You can access your 23andMe raw data to use it with other platforms. Likewise, you can also download your Ancestry file for the same purpose.

What to do with Ancestry DNA results

If you’ve taken an Ancestry DNA test, you’re probably wondering ‘what can I do with my AncestryDNA raw data’. Well actually excitingly there are quite a few things you can do, and also a few things you shouldn’t do.

Tip: If you had your DNA tested for ancestry, you can still upload it to other websites to get information on your health.

What to do with DNA results: Do’s

Do maximize the value of your DNA test

If you’ve paid for a DNA test to investigate your ancestry, then the chances are that you would like to get the most for your money. Who wouldn’t?

DNA tests can be expensive depending on the provider you choose. The good news is that there are a range of trustworthy places you can utilize your raw DNA data, all of which can tell you different things about yourself from your ethnicity to the likelihood of you enjoying a cup of coffee.

Make sure to thoroughly research your options. One thing to be aware of is that not all services accept all types of raw DNA data. Many services for example only accept 23andMe formatted data, however others like SelfDecode accept raw DNA data from a wide variety of sources.

There are also tools available online which can convert your data to different formats, but again these will not necessarily work for all services.

The two most common uses for raw DNA data are ancestry and health reports.
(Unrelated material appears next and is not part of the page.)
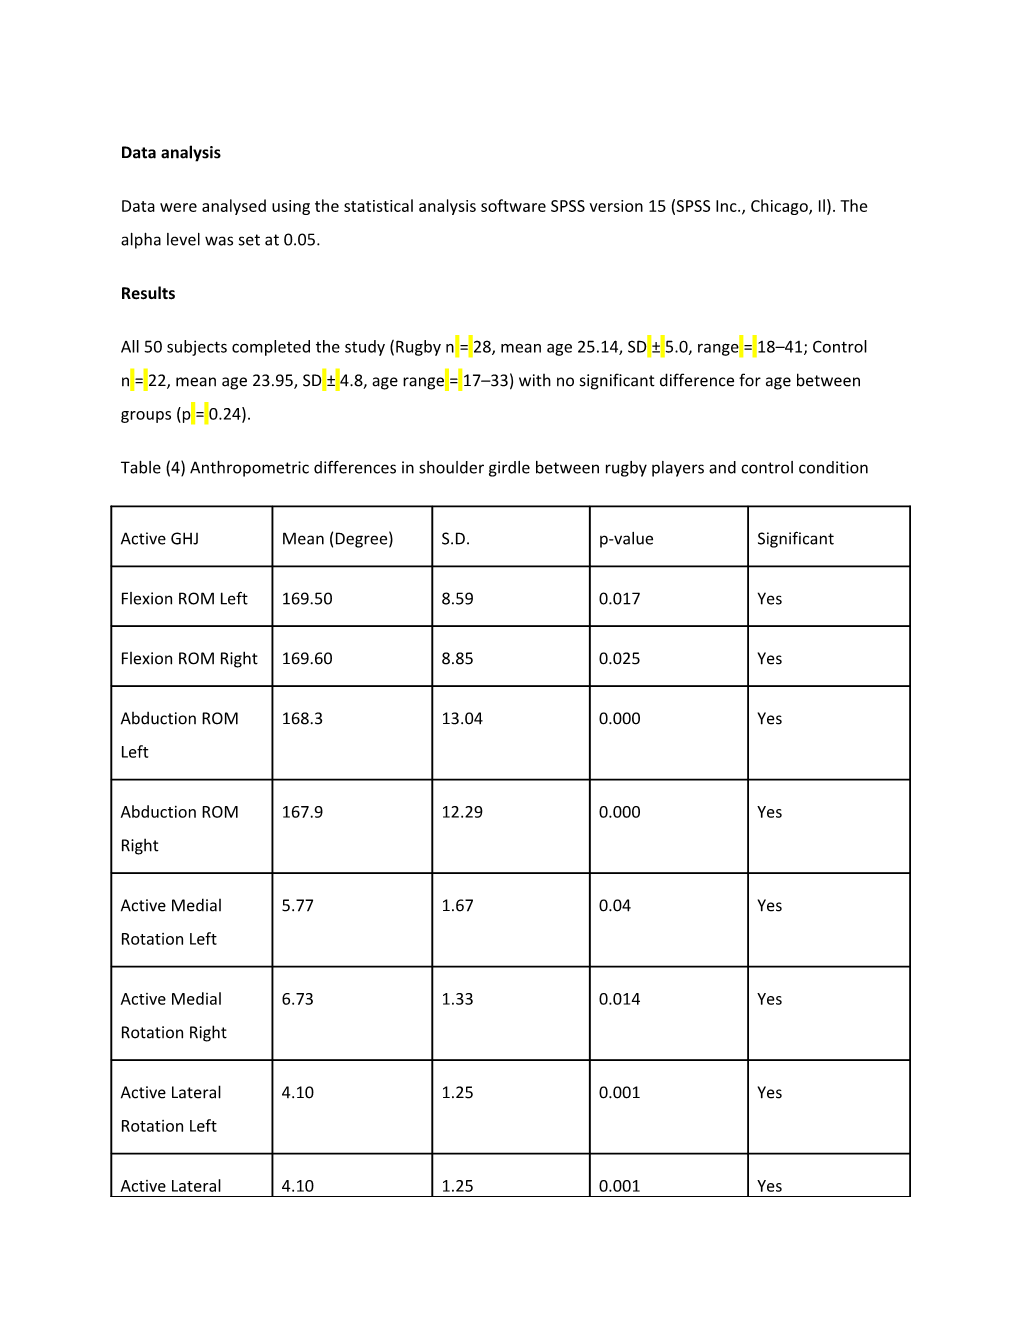 Table (4) Anthropometric Differences in Shoulder Girdle Between Rugby Players and Control

So a good place to start if you’re wondering what to do with your raw DNA data and want to maximize your value is to simply go for a health based company if you have ancestry data or vice versa.

Whilst some companies offer both ancestry and health reports, they aren’t necessarily the best offering of both, so rather than paying extra for a comprehensive ‘all inclusive’ offering with any single company, consider researching the best companies for all of your individual interests before you commit to anything.

When choosing a company to upload your raw DNA data for health, do pay attention to the number of genetic variants analyzed. Most DNA companies only look at one or two variants, which means you might not receive the complete picture of your health. For example, SelfDecode looks at an average of one million variants per report to give you the most accurate information for your health.

Do protect your privacy

One of the most important considerations when taking a DNA test with any service should be how they maintain your privacy. Will the company sell your genetic data to third parties?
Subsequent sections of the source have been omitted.